「ねえ、あの女の人って彼女?」


「えっ?」


「ほら、二人で花見してたじゃん」



私はベッドから起き上がりながら言う。



「は、お前居たの?」


「居たよ。で? 彼女?」


「っ、まあな。そうだよ」


「やるねえ。
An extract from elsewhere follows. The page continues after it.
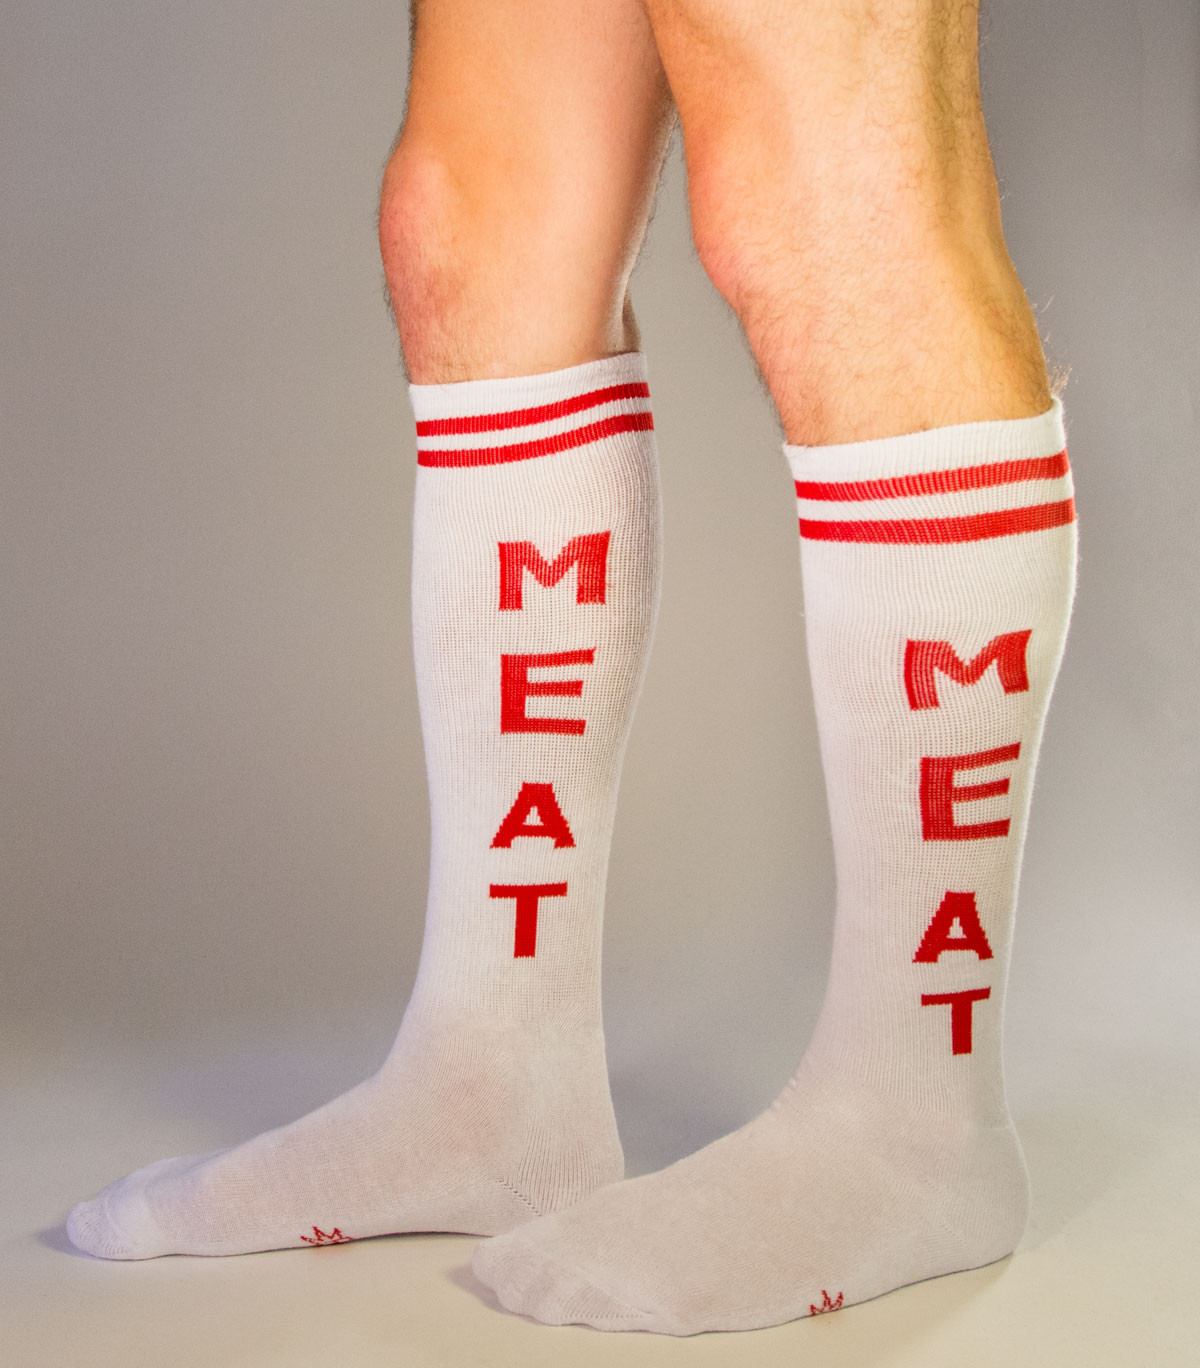 lianji Funny Socks Pork Meat Bacon Socks Low Cut Casual Ankle Couple Cotton Socks

良いねえ、春だねえ」



京一を冷やかしながら寝室を出る。



「はあ? お前はどうなんだよ、レイヤと……」


「あ、ユウ! お腹すいた!」



リビングに行くとユウが何やらフライパンを持っているのが見えた。



「聞けよ!」


「あははっ」



京一の不満げな声に笑うと、ユウは私達を見て穏やかな笑みを浮かべた。



「仲直りしたのか」


「まあ……」



元々喧嘩してた訳じゃないんだけど。



「ね、何作ってるの?」


「んー? 焼き肉。もう出来るよ」


「じゃ、3人で食べよ?」


「そうだな。京一、皿出して」



ユウは振り返りもせずに京一に言い付ける。



「え、どこだよまず」


「ここだよ。使えないなあ、全く」



私はそう言いながら彼の横をすり抜け、食器棚から丁度良い大きさの平皿を三枚出した。



「いやいや、俺ここ初めて来たんだけど」


「ははっ、レイ、京一に当たり強いな」


「ふふっ」



笑い声が響く食卓。それは私が欲していたものだ。

やはり昨日の体験は怖かったのだろう。張り詰めていたものが急に切れて、京一が笑いかけてくれて、ユウが笑いかけてくれて。みんなで一緒のテーブルを囲んで、同じものを食べる。


あれ、ヤバい泣きそう。


止める暇もなく頬を伝った涙を、二人に気付かれないように拭う。

深呼吸をしていると、隣で中身を皿に盛り終わったフライパンを置いたユウが私の頭をポンポンと叩いた。


え、もしかして気付かれてた?


慌てて顔を上げると、ユウは何も言わずただ目を細めて笑う。


――ああもうほんと、好き。



「ほら、食べるぞー」



ユウの声を合図に、みんな急いで席に着く。